The thick, creamy, foul-smelling liquid which is light gray to brown in colour contained in the anal sacs is squeezed onto faeces when the cat defecates. This imparts a particular smell onto the faeces which acts as a calling card for the cat.
The scent is particular to that individual cat allowing others to know that they’ve been there. It is part of the well-known behaviour of the domestic cat: scent marking.
Anal sacs are also referred to as anal glands. The walls of the sacs are lined with a lot of sebaceous glands that produce this foul-smelling liquid.

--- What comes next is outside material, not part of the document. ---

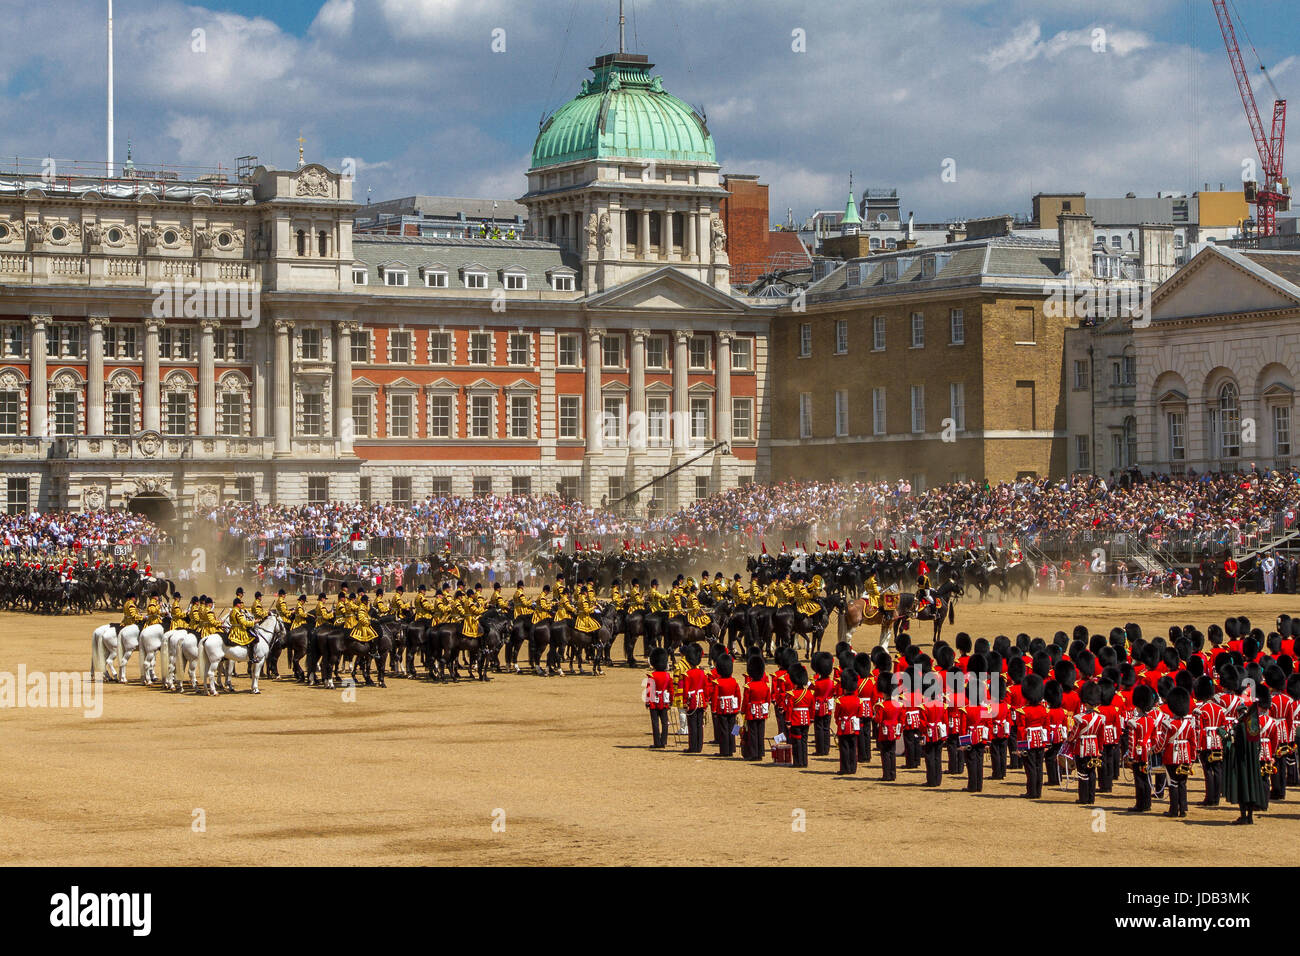 Trooping The Colour 2017.The Irish Guards Troop The Colour At The Queens Birthday Parade at Horse Guards Parade , London , June 2017 Stock Photo

The diagram on this page shows you where they are located and where the liquid is deposited onto faeces as the cat defecates. It’s just before the anus at the extreme end of the colon called the rectum.

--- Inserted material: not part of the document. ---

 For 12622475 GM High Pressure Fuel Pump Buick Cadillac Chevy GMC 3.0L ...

At a more detailed scientific level, a study looked at the bacteria in the anal glands which through fermentation produce volatile compounds which provide this “signalling”. The word “signalling” in this instance means that the domestic cat is signalling to others of their presence.
Volatile compounds (VOCs) are organic chemicals that have a high vapour pressure at room temperature and emit gases.
Below is a summary of the study on a Bengal cat which I’ve referred to:
The study discusses the role of scent secretions and marking behaviors in communication among social animals, specifically mentioning the anal sacs found in species in the Order Carnivora as an important source of odors.
These secretions from the anal sac may be used for a variety of behaviors, such as defense, species recognition, and signaling reproductive status. The passage also introduces the fermentation hypothesis, which suggests that microorganisms living in association with animals contribute to the chemical signals used in communication and that variation in these signals reflects variation in the microbial community.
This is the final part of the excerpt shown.